**REQUIRED ACTION:**
Take the entries that follow and return exactly the lines from the one holding "Tiến sĩ Nguyễn" through the one holding "Foto 5 : Appartement", both included. Nothing else is needed.

RECORDS Block Start

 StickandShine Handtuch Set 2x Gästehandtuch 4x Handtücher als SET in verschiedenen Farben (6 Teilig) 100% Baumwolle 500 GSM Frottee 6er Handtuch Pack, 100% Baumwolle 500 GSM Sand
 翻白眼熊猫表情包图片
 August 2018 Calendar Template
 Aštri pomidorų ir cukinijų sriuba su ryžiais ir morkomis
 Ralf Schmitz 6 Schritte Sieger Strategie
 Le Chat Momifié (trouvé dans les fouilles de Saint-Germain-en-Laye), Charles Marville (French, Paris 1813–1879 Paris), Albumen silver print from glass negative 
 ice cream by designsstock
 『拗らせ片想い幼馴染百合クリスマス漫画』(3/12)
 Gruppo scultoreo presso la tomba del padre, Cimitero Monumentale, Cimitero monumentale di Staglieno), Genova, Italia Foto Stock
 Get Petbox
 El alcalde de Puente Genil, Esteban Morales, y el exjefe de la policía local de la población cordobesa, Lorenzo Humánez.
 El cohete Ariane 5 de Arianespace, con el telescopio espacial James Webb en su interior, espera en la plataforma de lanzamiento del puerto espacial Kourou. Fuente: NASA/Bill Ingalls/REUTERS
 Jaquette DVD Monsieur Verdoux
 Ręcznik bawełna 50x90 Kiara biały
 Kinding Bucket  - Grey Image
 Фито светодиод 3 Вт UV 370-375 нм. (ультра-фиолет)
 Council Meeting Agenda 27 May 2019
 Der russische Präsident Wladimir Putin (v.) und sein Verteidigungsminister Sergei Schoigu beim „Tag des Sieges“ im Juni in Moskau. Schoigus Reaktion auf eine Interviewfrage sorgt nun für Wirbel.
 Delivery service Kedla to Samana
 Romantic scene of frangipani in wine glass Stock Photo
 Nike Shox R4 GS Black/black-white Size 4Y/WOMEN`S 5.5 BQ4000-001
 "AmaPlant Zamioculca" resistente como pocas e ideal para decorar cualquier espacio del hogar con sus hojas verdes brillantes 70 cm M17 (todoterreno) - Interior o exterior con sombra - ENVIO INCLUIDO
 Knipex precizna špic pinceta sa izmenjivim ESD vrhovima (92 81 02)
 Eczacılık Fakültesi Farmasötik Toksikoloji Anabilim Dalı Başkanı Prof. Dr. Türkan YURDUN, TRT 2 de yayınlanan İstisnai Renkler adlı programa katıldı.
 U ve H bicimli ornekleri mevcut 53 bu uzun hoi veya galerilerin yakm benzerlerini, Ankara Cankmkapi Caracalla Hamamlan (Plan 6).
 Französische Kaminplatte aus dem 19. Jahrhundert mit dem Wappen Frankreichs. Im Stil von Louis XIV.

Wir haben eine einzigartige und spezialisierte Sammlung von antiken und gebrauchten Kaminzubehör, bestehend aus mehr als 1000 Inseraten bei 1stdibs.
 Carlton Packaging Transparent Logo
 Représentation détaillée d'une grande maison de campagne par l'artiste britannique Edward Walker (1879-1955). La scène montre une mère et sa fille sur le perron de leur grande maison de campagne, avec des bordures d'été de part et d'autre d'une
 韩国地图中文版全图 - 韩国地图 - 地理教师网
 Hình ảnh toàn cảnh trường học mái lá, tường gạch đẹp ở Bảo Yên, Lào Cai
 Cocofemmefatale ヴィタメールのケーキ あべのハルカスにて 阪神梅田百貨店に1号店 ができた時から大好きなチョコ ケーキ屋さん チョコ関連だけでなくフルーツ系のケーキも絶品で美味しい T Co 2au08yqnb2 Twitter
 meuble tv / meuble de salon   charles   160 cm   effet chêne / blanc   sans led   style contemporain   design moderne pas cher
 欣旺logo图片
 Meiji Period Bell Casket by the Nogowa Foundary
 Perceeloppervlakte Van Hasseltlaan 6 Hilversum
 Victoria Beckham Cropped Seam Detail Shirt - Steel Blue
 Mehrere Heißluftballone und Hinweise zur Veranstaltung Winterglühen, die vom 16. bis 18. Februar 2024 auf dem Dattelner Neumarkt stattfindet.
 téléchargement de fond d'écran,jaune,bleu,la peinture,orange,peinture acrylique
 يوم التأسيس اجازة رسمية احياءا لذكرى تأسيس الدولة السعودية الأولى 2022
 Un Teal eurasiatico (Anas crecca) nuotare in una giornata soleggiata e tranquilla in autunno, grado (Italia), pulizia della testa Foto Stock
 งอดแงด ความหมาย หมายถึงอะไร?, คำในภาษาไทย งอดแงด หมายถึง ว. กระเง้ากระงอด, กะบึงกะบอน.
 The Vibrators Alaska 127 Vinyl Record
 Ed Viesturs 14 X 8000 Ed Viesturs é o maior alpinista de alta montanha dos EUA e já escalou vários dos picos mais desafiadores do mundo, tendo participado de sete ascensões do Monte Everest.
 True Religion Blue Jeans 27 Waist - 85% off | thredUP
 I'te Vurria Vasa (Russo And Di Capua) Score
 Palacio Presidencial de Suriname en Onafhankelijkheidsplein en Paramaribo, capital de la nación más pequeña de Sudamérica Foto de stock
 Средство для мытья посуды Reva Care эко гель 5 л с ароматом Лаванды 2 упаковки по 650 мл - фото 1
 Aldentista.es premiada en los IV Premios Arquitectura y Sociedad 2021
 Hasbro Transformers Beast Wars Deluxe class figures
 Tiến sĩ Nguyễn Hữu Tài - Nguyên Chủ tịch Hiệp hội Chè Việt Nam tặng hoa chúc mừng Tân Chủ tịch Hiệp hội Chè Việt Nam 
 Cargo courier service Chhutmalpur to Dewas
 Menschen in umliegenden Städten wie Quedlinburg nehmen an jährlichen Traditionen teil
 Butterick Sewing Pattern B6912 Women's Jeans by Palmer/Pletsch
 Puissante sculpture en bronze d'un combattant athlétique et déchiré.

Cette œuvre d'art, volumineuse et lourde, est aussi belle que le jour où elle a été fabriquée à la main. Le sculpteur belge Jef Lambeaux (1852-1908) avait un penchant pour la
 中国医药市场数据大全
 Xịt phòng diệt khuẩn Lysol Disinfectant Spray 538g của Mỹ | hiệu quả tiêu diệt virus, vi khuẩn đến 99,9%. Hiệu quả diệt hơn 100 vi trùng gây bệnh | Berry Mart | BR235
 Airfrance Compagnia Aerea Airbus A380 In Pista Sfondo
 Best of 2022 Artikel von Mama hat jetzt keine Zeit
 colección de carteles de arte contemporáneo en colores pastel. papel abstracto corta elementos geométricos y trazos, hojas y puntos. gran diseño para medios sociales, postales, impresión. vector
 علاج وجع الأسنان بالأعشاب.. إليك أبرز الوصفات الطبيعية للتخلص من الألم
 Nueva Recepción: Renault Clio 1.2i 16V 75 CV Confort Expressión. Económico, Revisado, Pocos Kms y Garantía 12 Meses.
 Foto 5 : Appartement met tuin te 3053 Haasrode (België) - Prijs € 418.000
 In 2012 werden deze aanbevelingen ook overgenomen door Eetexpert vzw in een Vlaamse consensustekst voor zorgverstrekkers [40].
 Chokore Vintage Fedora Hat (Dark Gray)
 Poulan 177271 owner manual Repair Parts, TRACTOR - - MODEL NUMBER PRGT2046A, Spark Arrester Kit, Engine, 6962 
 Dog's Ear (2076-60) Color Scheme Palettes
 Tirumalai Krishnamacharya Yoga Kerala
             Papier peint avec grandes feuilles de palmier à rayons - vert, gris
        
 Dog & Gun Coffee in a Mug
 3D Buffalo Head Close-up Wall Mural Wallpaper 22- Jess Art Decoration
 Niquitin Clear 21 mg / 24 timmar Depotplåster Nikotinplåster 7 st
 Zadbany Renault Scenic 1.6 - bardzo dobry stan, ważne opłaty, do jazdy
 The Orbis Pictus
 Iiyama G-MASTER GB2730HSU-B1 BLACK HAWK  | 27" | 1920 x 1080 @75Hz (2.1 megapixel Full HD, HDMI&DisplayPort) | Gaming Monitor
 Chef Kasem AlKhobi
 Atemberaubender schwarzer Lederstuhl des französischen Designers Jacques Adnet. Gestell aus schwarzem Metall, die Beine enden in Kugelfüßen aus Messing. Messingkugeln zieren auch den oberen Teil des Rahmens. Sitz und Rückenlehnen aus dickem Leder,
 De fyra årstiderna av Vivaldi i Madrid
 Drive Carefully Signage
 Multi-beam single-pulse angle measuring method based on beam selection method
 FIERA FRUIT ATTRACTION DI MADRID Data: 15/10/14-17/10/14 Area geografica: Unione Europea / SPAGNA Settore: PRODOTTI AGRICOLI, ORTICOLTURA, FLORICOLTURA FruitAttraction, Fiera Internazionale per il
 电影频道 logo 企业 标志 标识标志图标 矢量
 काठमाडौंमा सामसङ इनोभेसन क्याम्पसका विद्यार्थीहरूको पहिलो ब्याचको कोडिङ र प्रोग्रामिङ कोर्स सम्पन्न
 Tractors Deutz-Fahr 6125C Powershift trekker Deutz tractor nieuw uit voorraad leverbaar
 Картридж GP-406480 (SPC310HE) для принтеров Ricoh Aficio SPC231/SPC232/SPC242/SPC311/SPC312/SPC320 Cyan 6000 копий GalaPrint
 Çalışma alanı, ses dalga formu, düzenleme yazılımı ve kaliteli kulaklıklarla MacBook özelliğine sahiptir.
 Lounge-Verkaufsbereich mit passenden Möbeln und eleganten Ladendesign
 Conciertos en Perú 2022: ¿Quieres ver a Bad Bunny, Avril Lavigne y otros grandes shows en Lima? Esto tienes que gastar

RECORDS Block End

**RESPONSE TO THE EXERCISE:**
 Tiến sĩ Nguyễn Hữu Tài - Nguyên Chủ tịch Hiệp hội Chè Việt Nam tặng hoa chúc mừng Tân Chủ tịch Hiệp hội Chè Việt Nam 
 Cargo courier service Chhutmalpur to Dewas
 Menschen in umliegenden Städten wie Quedlinburg nehmen an jährlichen Traditionen teil
 Butterick Sewing Pattern B6912 Women's Jeans by Palmer/Pletsch
 Puissante sculpture en bronze d'un combattant athlétique et déchiré.

Cette œuvre d'art, volumineuse et lourde, est aussi belle que le jour où elle a été fabriquée à la main. Le sculpteur belge Jef Lambeaux (1852-1908) avait un penchant pour la
 中国医药市场数据大全
 Xịt phòng diệt khuẩn Lysol Disinfectant Spray 538g của Mỹ | hiệu quả tiêu diệt virus, vi khuẩn đến 99,9%. Hiệu quả diệt hơn 100 vi trùng gây bệnh | Berry Mart | BR235
 Airfrance Compagnia Aerea Airbus A380 In Pista Sfondo
 Best of 2022 Artikel von Mama hat jetzt keine Zeit
 colección de carteles de arte contemporáneo en colores pastel. papel abstracto corta elementos geométricos y trazos, hojas y puntos. gran diseño para medios sociales, postales, impresión. vector
 علاج وجع الأسنان بالأعشاب.. إليك أبرز الوصفات الطبيعية للتخلص من الألم
 Nueva Recepción: Renault Clio 1.2i 16V 75 CV Confort Expressión. Económico, Revisado, Pocos Kms y Garantía 12 Meses.
 Foto 5 : Appartement met tuin te 3053 Haasrode (België) - Prijs € 418.000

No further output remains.